Belvoir has since evolved from the Goddard’s original lettings agency in Grantham to what the group now claims to be the country’s largest property franchisor. Franchised estate-agency and lettings offices now total approximately 325.
Belvoir operated as a pure lettings-franchise business under the Belvoir brand until 2014, but several acquisitions thereafter broadened the group into estate-agency sales and mortgage advice. Notable purchases included:
- Newton Fallowell (£6 million)
- Goodchilds (£3 million)
- Northwood (£13 million)
- Brook Financial Services (£2 million)
- MAB Gloucester (£4 million)
- Lovelle (£2 million)
- Nicholas Humphreys (£4 million)
- TIME (£4 million)
The average franchise branch last year generated revenue of £316k, of which £34k (11%) was paid to Belvoir in exchange for using an established brand and various support services.

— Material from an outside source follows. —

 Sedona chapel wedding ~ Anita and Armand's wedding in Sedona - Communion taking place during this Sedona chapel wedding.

The network currently manages more than 75,000 rental properties and last year handled almost 11,000 residential sales. Belvoir’s financial services division is now the largest appointed representative of mortgage intermediary Mortgage Advice Bureau and consists of 284 (mostly self-employed) financial advisers.
Belvoir joined AIM during 2012, at which point revenue was £4 million and profit was £2 million. The aforementioned acquisitions have since helped push revenue to £34 million and profit to £9 million:
The pandemic interfered with the final 2019 dividend, but shareholders received catch-up payments during 2020:
The financial history has delivered a useful share-price gain:
Anybody buying at the 75p flotation price had quadrupled their money when the shares topped 300p during 2021. The recent 213p supports a £79 million market cap.
Growth by acquisition
Expenditure on those aforementioned acquisitions totals £38 million, which is a significant investment given profit last year was £9 million.

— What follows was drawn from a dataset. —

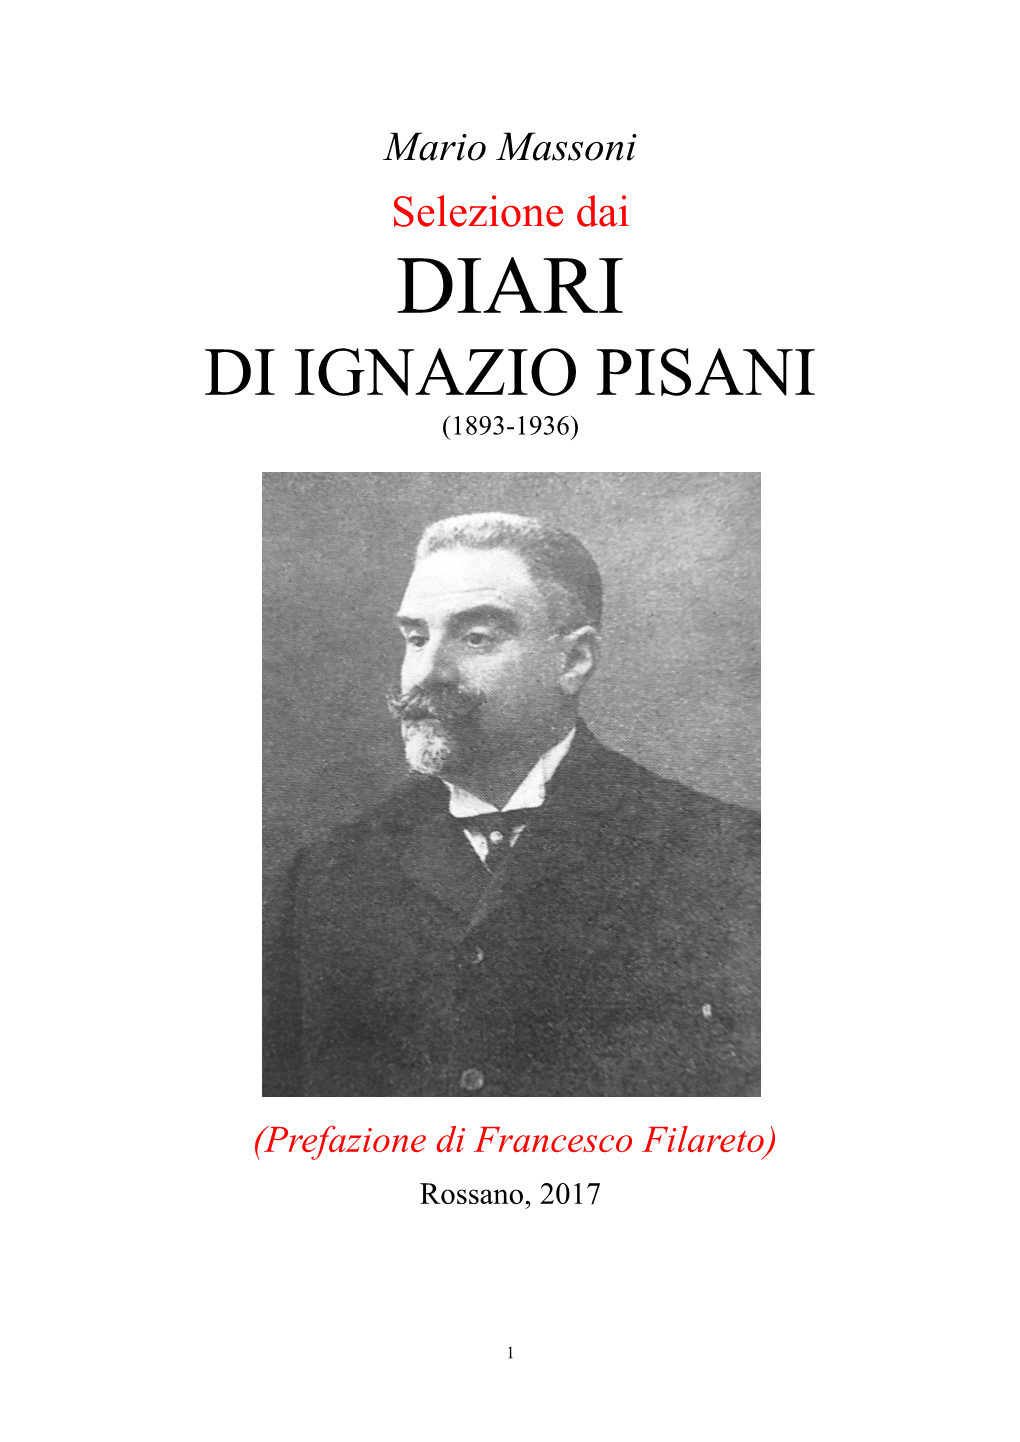 Di Ignazio Pisani (1893-1936)

Have those purchases complemented an underlying growth story…
…or have they masked a stagnant (or even shrinking) core business?

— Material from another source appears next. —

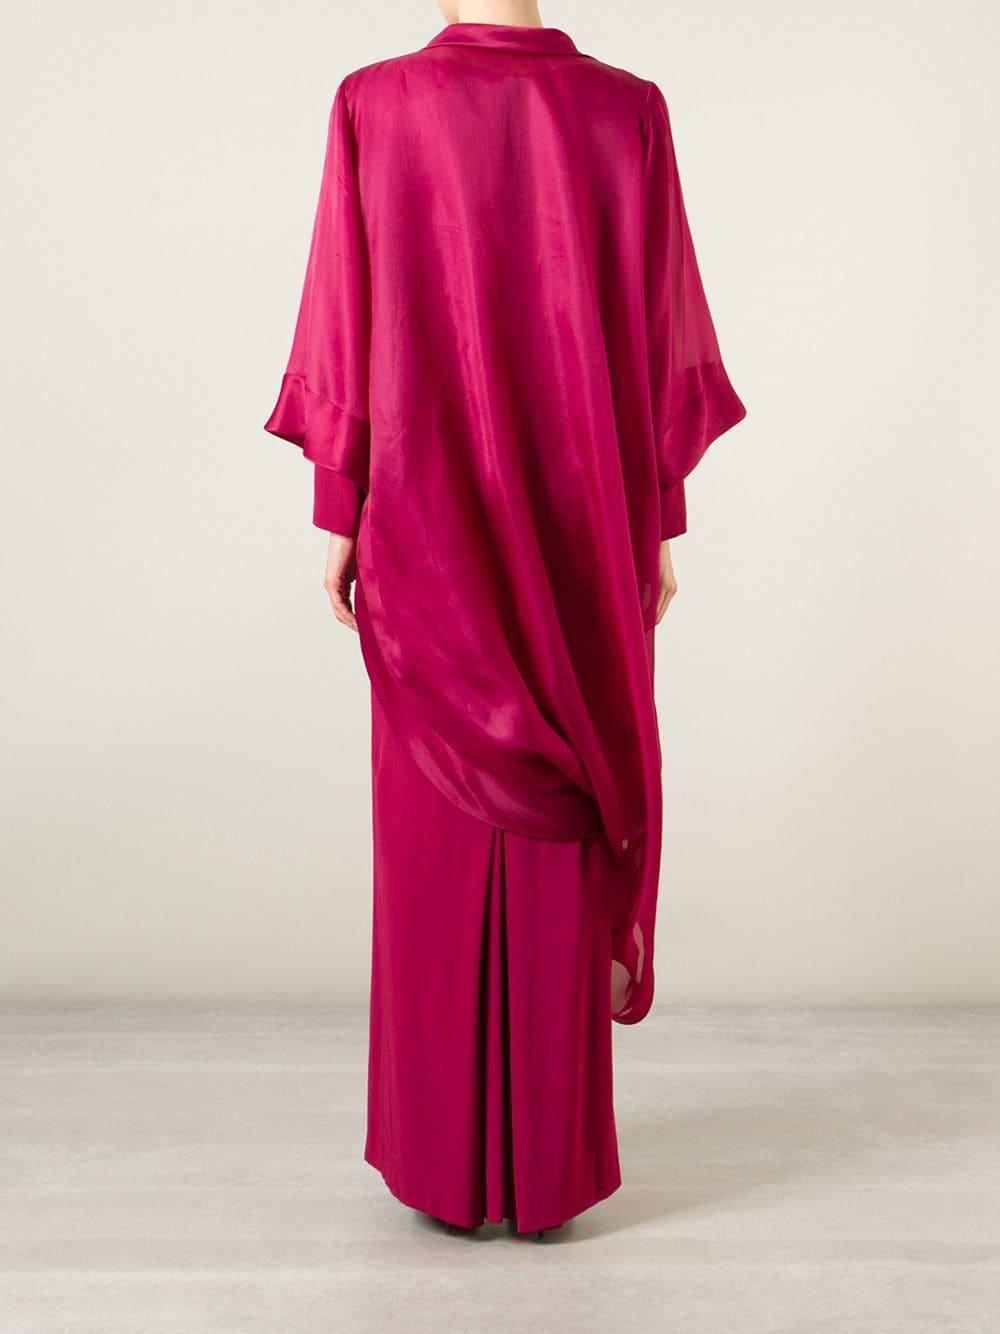 Red 1990s Givenchy Fuchsia Chiffon Long Dress

Changes to the number of franchise branches provide a mixed picture:
- Newton Fallowell: 31 acquired, 39 now;
- Goodchilds: 16 acquired, 0 now (rebranded Newton Fallowell);
- Northwood: 87 acquired, 91 now;
- Lovelle: 17 acquired, 16 now, and;
- Nicholas Humphreys: 21 acquired, 20 now.
I calculate the group has reduced the acquired businesses by a net six offices, which is not ideal for expanding the network. Mind you, the acquired branches that remained open may have improved their performance as part of Belvoir to counterbalance those that were no longer viable.
I should add the original Belvoir chain has increased its estate by 17 offices to 159 since the group’s flotation.
Belvoir commendably provides lots of statistics to help shareholders judge its progress:
I calculate Belvoir’s letting income per franchise office has advanced from £20k to £27k since 2015:
Adding a sales function to previously lettings-only branches has meanwhile helped Belvoir’s sales income increase from £2k to £7k per franchise office.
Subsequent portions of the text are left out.